# [TASK PROMPT]
Reproduce each line of the following material exactly, omitting the images.

# [EXERCISE DATA]
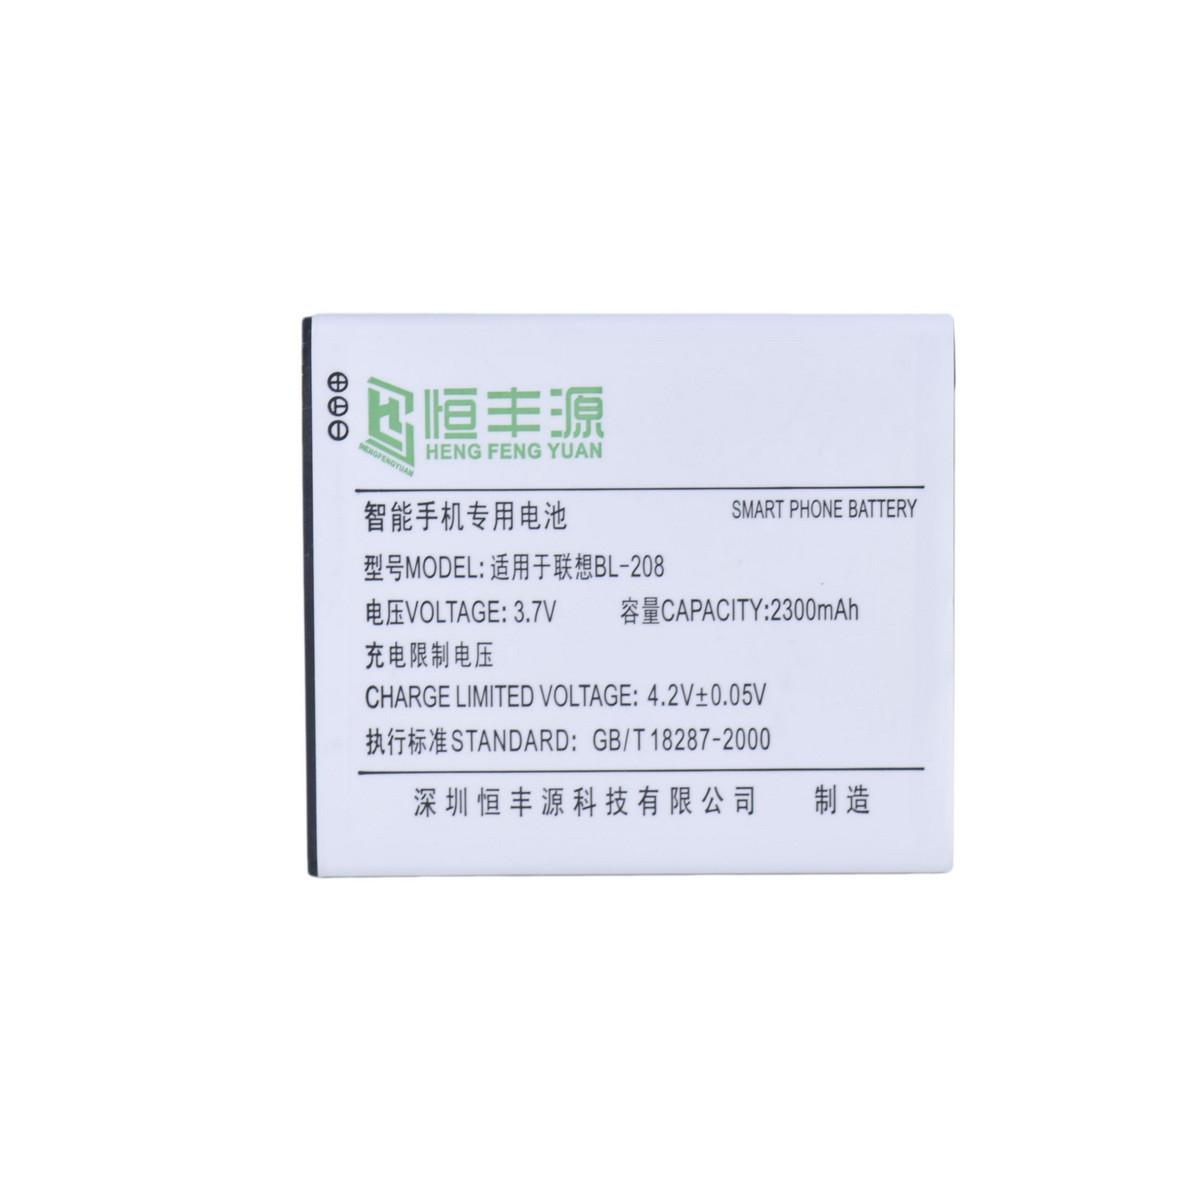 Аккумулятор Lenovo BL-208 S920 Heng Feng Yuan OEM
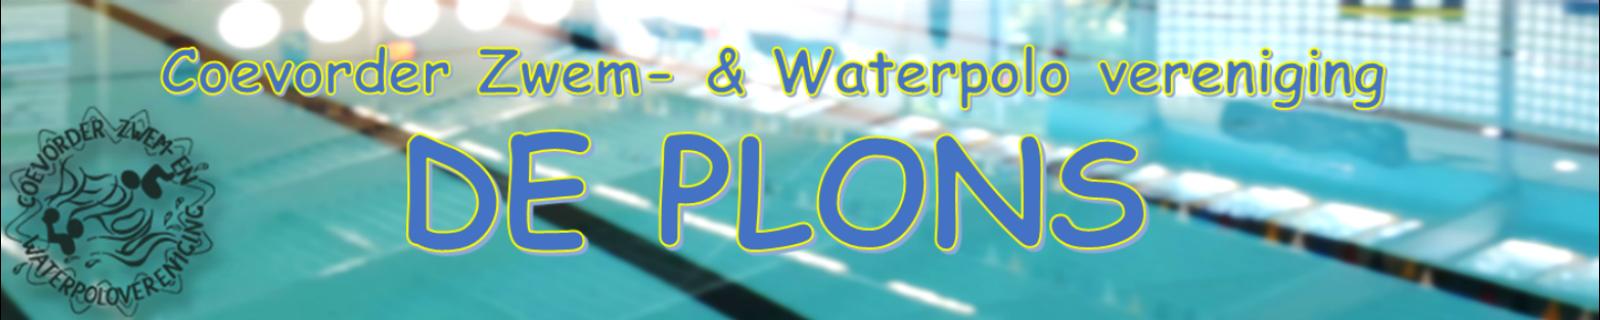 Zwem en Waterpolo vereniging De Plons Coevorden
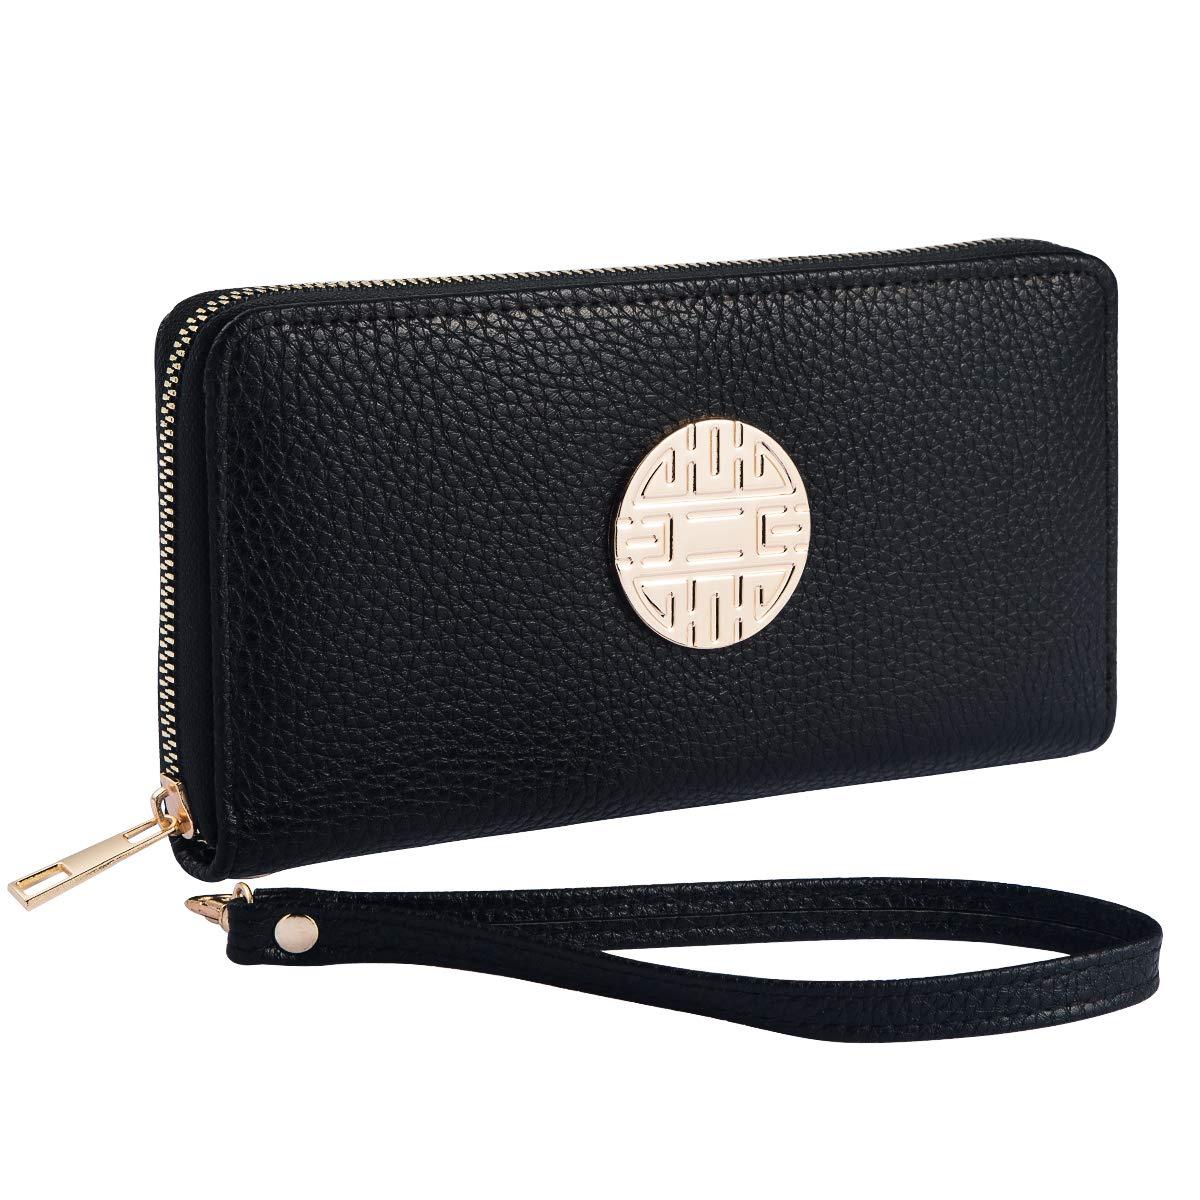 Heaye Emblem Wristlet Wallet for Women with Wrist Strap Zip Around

# [ANSWER BELOW]
 Аккумулятор Lenovo BL-208 S920 Heng Feng Yuan OEM
 Zwem en Waterpolo vereniging De Plons Coevorden
 Heaye Emblem Wristlet Wallet for Women with Wrist Strap Zip Around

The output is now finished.